Of course, it's relatively easy for networks to offer make-goods; they simply give advertisers available ad inventory on their schedules. But producers generally don't own ad inventory, so what do they have to offer?

Here's where Vandegrift gets creative. If a program in which a brand appears doesn't deliver the contracted X number of verbal mentions and Y number of visual occurrences, Vandegrift and his team integrate the advertiser into the next slate of episodes. For example, marketers at Alienware, a Matrixx computing client, were not satisfied with their brand integration in season two of the A&E show "Growing Up Gotti." So Vandegrift and his team "modified [and transferred] the integration agreement to season three," he says.

If a program is not renewed for additional episodes, Vandegrift will shift a client to another production with similar demographics. For example, Vandegrift and his crew had secured integration in the original season of Bravo's "Blow Out" for their client Fuze, a beverage brand targeted mainly at women. At the eleventh hour, the deal fell through, and the client had already incurred significant shipping expenses. A nimble-footed Vandegrift quickly shifted the brand over to a New Line Cinema feature film "The Scorned," also targeted at women. As a result, Fuze will get exposure in theaters, in a subsequent cable broadcast on E! Entertainment, and in the DVD release. Both the Alienware and Fuze deals were not contingent upon a media buy, which made these deals easy propositions compared to guarantees that involve an ad sales component.

Ben Silverman, the irrepressible producer of such brand-supported shows as "The Restaurant" and "Meet Mr. Mom," both on NBC, has pioneered a new model. He and his outfit, the NBC Universal-backed Reveille Co., have convinced network ad sales in some instances to offer audience guarantees on production-integration deals that include media buys.

Silverman's way of doing business, as many people already know, is to create programs funded by advertisers whose brands are integrated into the content. He waives network license fees and controls half the ad inventory for his advertiser clients. Lately, he's been offering advertisers guarantees as part of the package.

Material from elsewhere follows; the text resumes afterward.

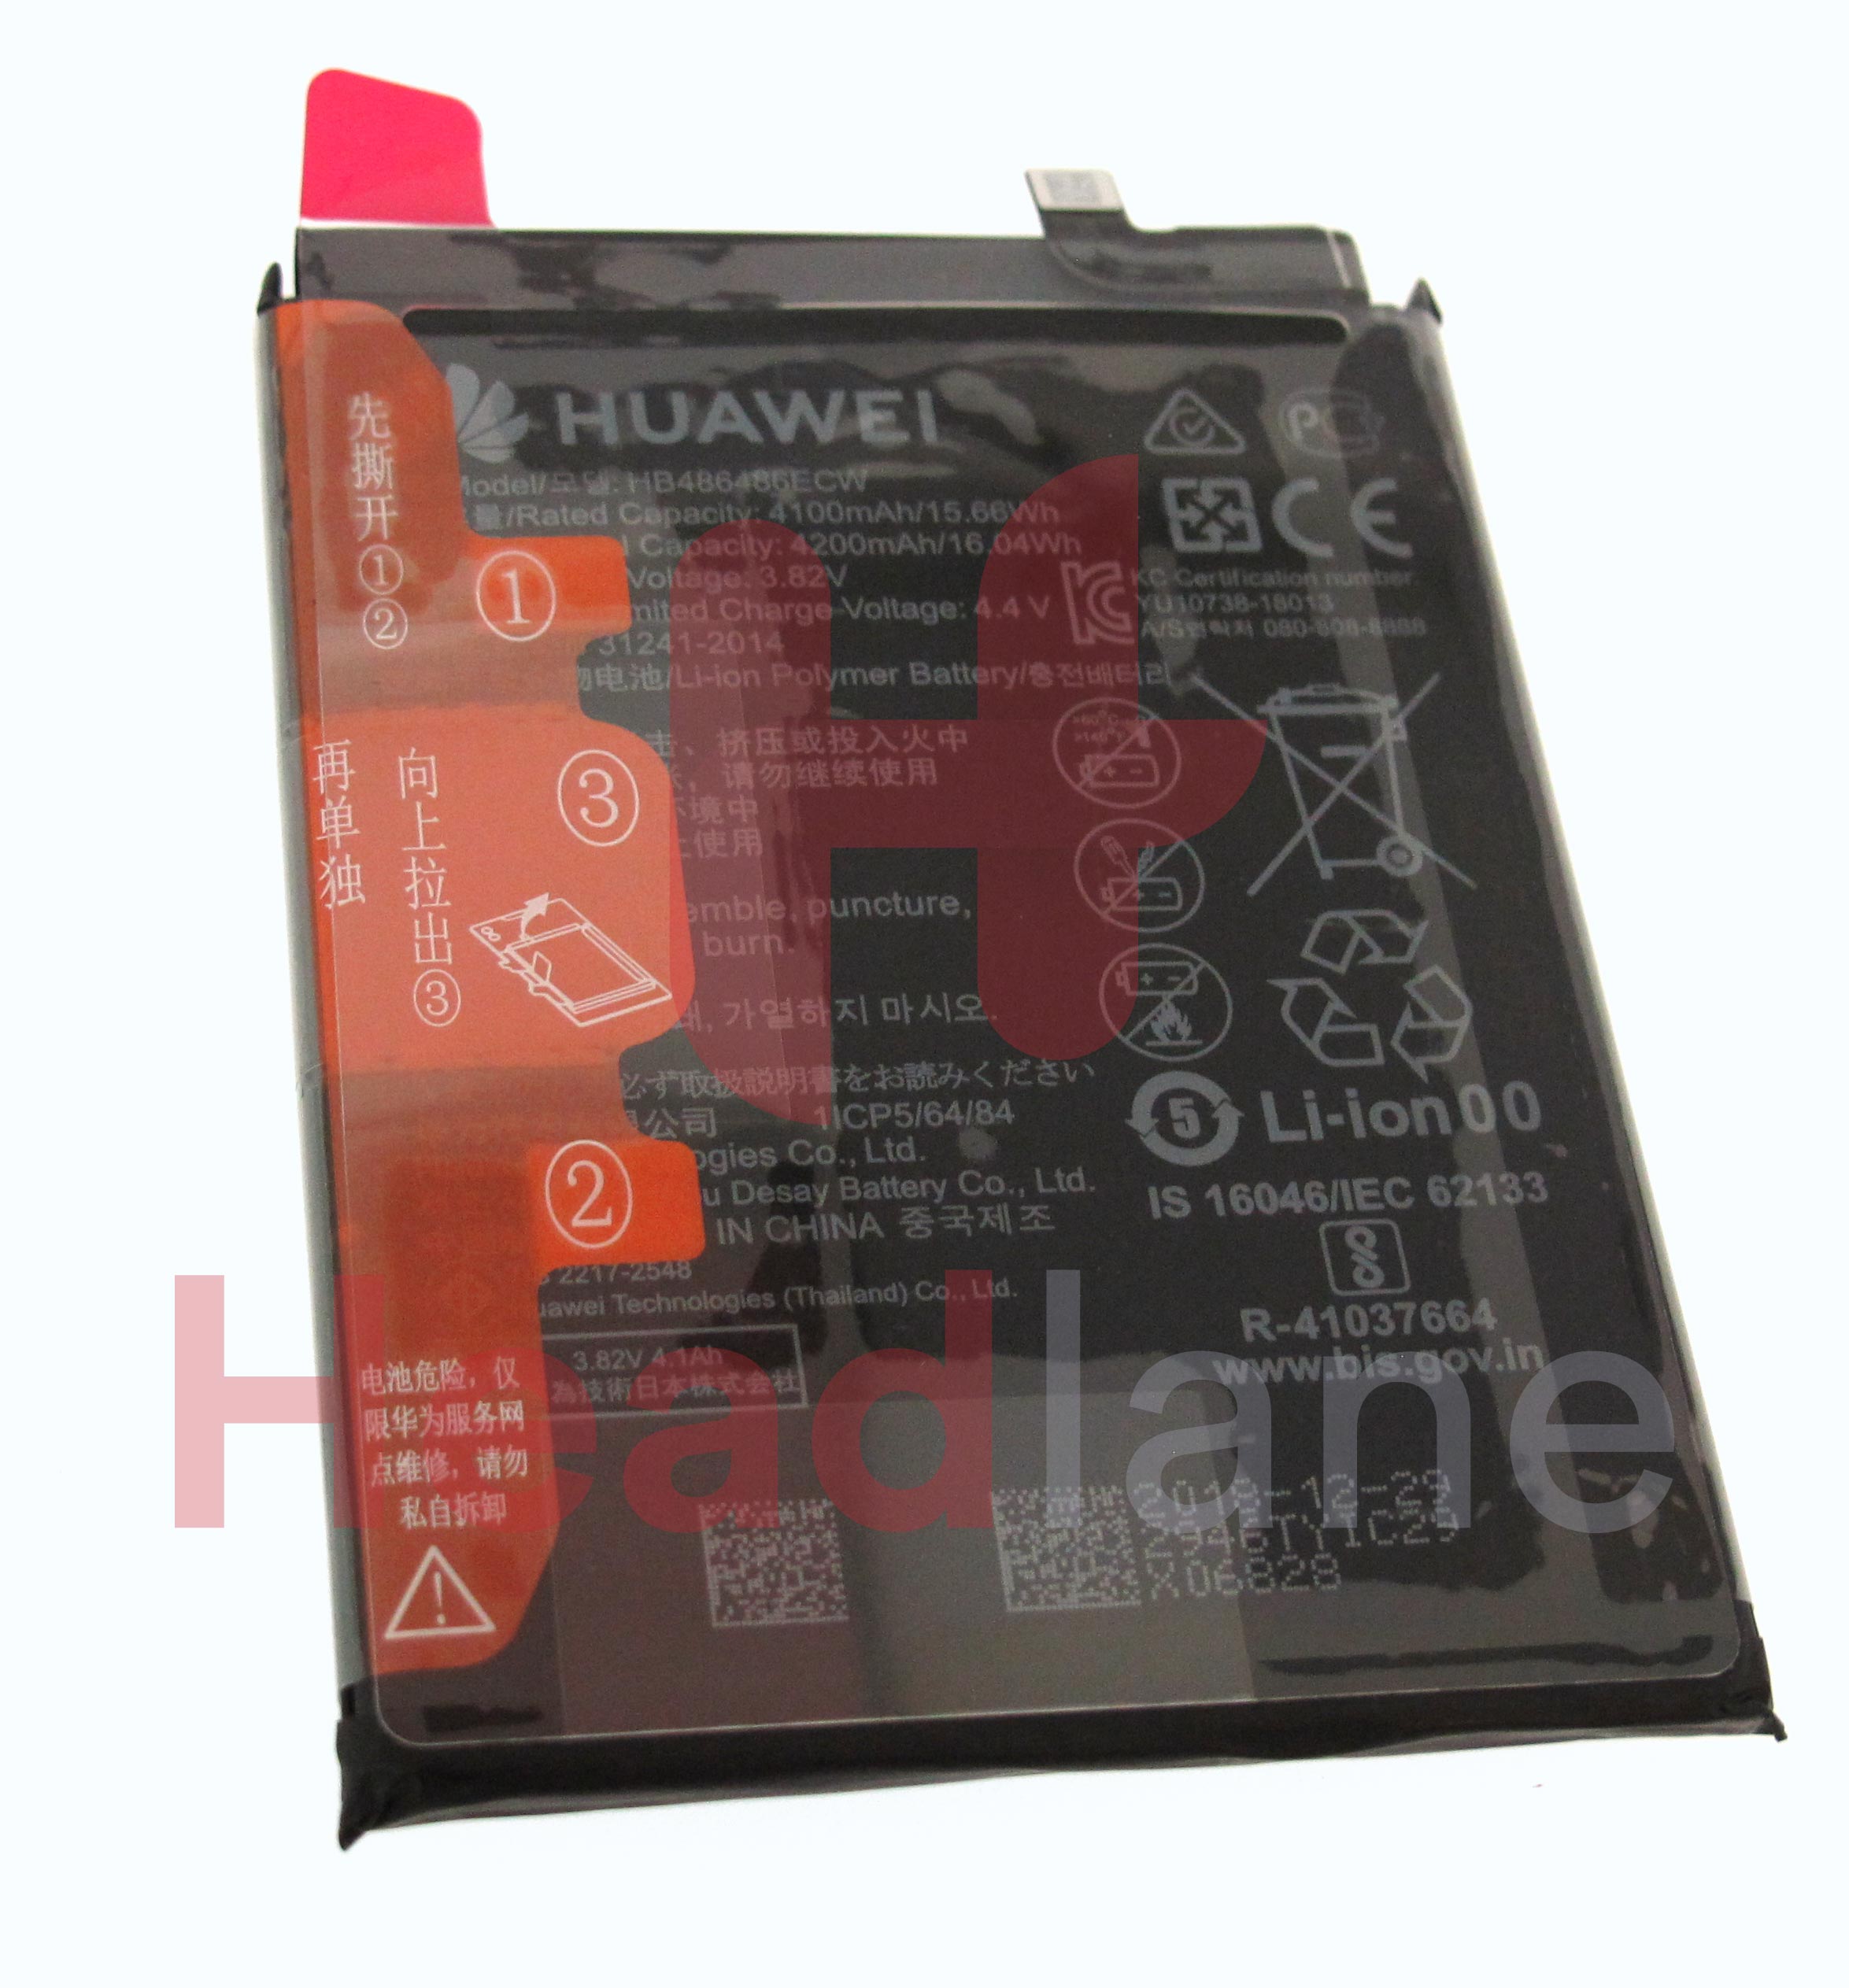 Huawei P30 Pro Internal Battery

Silverman understands how nervous advertising clients can get about committing big budgets to nontraditional ventures. He told us that for integration deals on cable attached to a significant media buy, his make-goods could take the form of spot inventory on the network. That is, of course, as long as the network agrees.

"Whenever I can, specifically in cable, I'll offer make-goods," Silverman says. By going the extra mile to allay client fears about branded entertainment, guys like Silverman and Vandegrift can move the needle forward significantly, both in the business of deal-making and in creating accountability where little to none existed before.

Hank Kim and Richard Linnett are directors of MPG Entertainment. (hank.kim@mpg.com and richard.linnett@mpg.com). They are regular contributors to MEDIA magazine. This column was re-published from the November issue.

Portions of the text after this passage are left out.